The results reveal that more severe inflammation, based on high levels of IL-6 (show IL6 Antibodies), is associated with lower expression of VPAC1 and, conversely, with increased expression of VPAC2 (show VIPR2 Antibodies).
variations at the 3'UTR (show UTS2R Antibodies) of the VPAC-1 gene act synergistically to affect the expression of the luciferase as well as of the GFP reporter genes expressed in HEK293T cells.
These data suggest that VPAC1 overexpression is associated with poorer differentiation of colon cancer, which is likely caused by subsequent EGFR (show EGFR Antibodies) activation in cancer cells.
VIP (show Vip Antibodies) regulates CFTR (show CFTR Antibodies) membrane expression and function in Calu (show CALU Antibodies)-3 cells by increasing its interaction with NHERF1 (show SLC9A3R1 Antibodies) and P-ERM (show ETV5 Antibodies) in a VPAC1- and PKCepsilon (show PRKCE Antibodies)-dependent manner.

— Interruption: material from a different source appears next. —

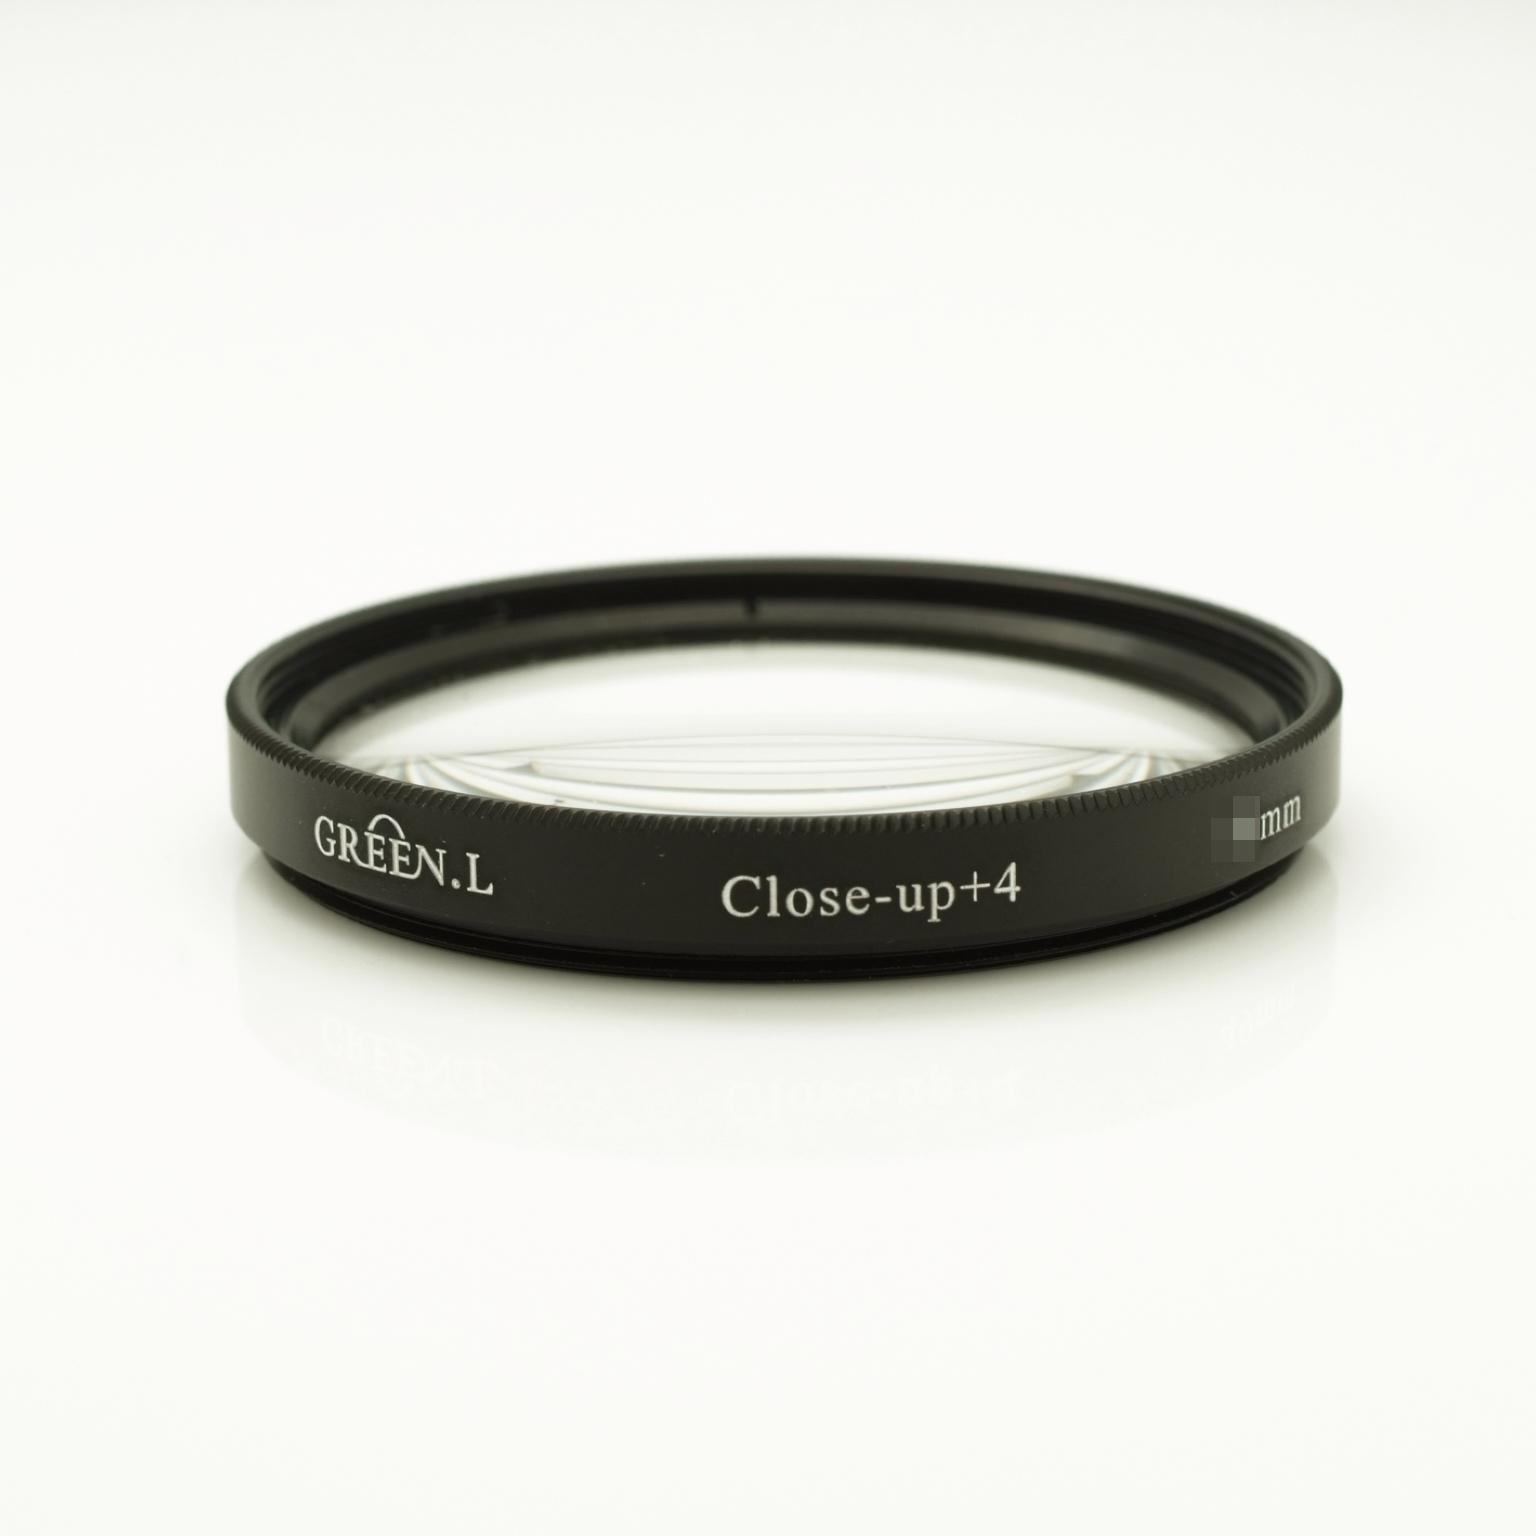 又敗家@ Green.L 40.5mm近攝鏡(close-up+4)Micro Macro鏡微距鏡,代倒接環雙陽環適近拍生態攝影適sony索尼16-50m f3.5-5.6 olympus 14-42mm第1代 尼康 Nikon 1 Nikkor 10mm f/2.8 18.5mm f/1.8 11-27.5mm f/3.5-5.6 VR 10-30mm 30-110mm f/3.8-5.6

VPAC1 receptor has a role in endotoxemia in peripheral blood mononuclear cells
The overexpression of VPAC1 and VPAC2 (show VIPR2 Antibodies) receptors and COX-2 (show COX2 Antibodies) in cancer tissue gives them a potential role as targets for diagnosis of prostate cancer.
hree residues play an important role in VPAC1 interaction with the first histidine residue of VIP (show Vip Antibodies). These data demonstrate that VIP (show Vip Antibodies) and PG97-269 bind to distinct domains of VPAC1
The genetic association reported here indicates that VIP (show Vip Antibodies)/VPAC1 signaling can be a relevant pathway in the pathogenesis of type 2 diabetes in females
silencing of VPAC1 receptor inhibits vasoactive intestinal peptide effects on both EGF receptor and HER2 transactivation and vascular endothelial growth factor secretion in human breast cancer cells
mRNA expression of the VPAC1 receptor was detected in 51% of the tumor specimens, while the incidence of mRNA expression for VPAC2 (show VIPR2 Antibodies) was 46%.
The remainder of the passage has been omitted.